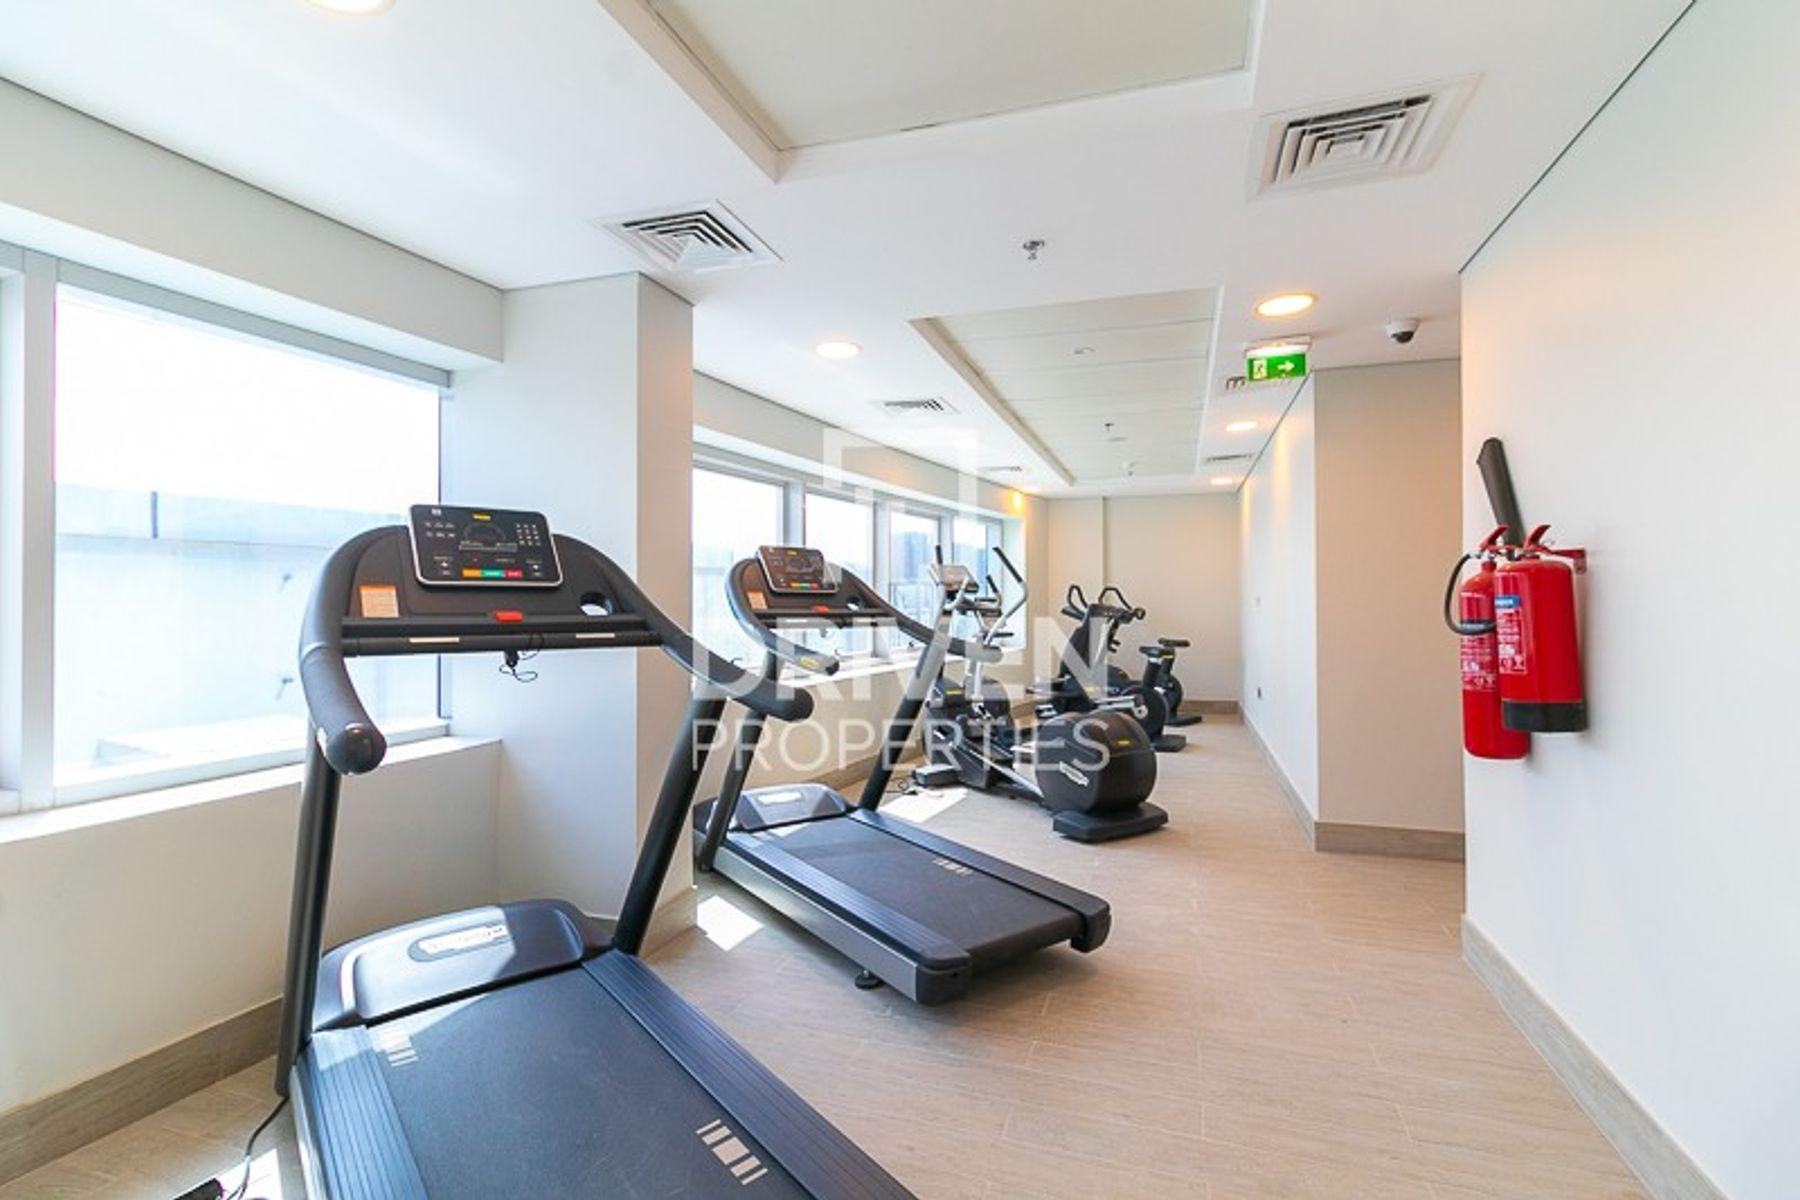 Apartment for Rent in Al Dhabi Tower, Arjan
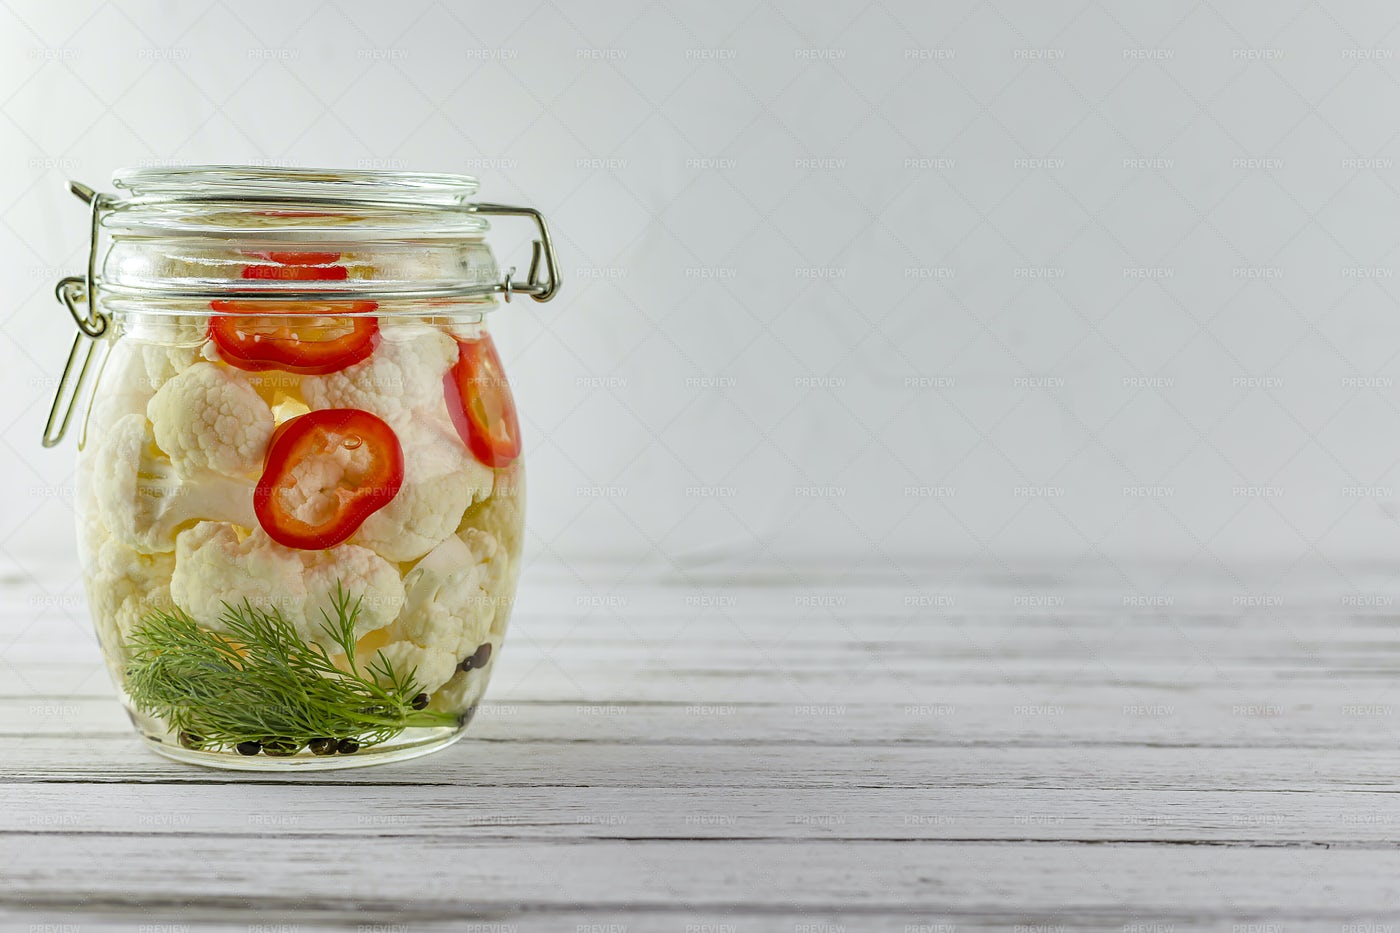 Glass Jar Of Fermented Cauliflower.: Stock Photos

==

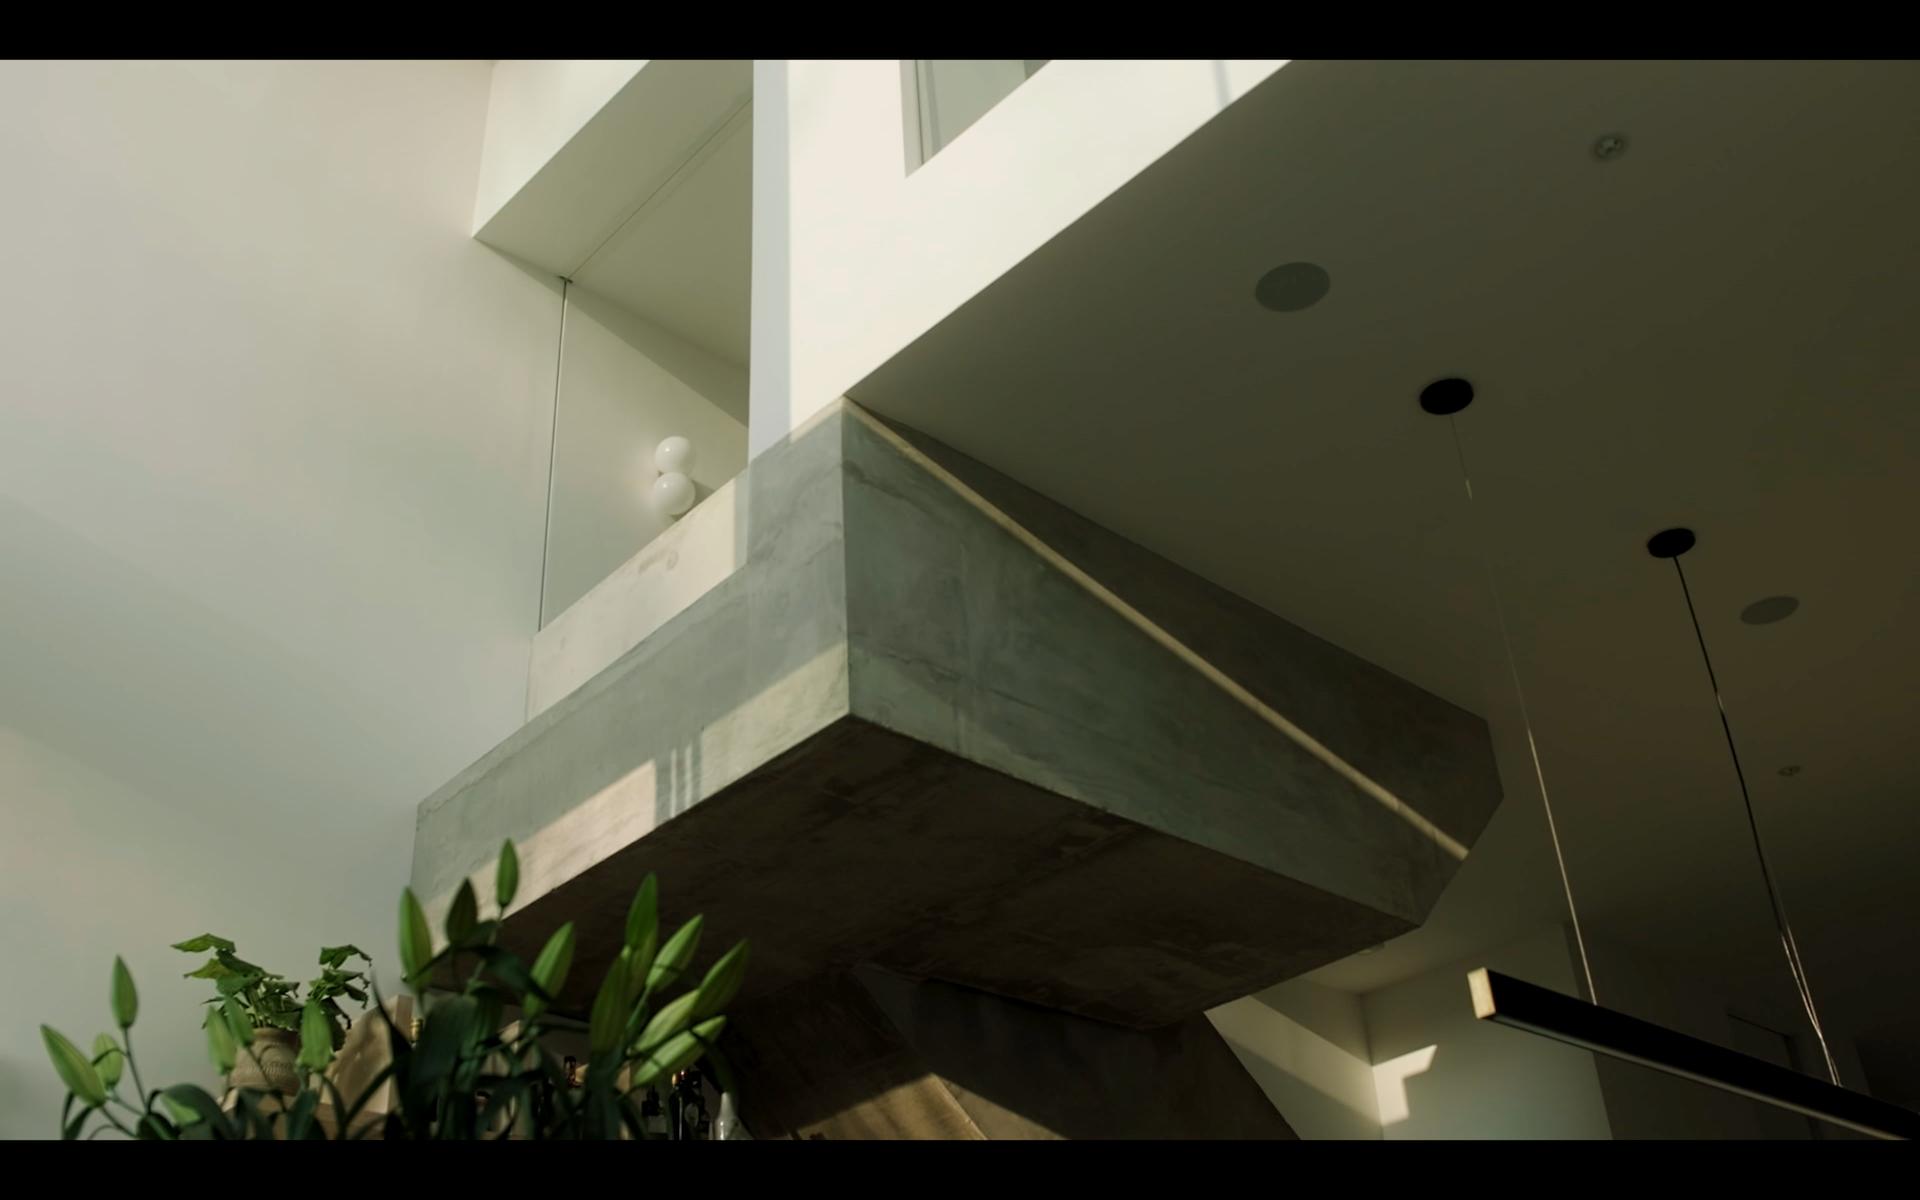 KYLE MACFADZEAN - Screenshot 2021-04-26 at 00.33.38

__Exercise goal__
Only one stretch of the material above is wanted: the line containing "Apartment for Rent in Al Dhabi Tower, Arjan" through the line containing "Glass Jar Of". Restate it word for word, minus the pictures.

__Your solution__
 Apartment for Rent in Al Dhabi Tower, Arjan
 Glass Jar Of Fermented Cauliflower.: Stock Photos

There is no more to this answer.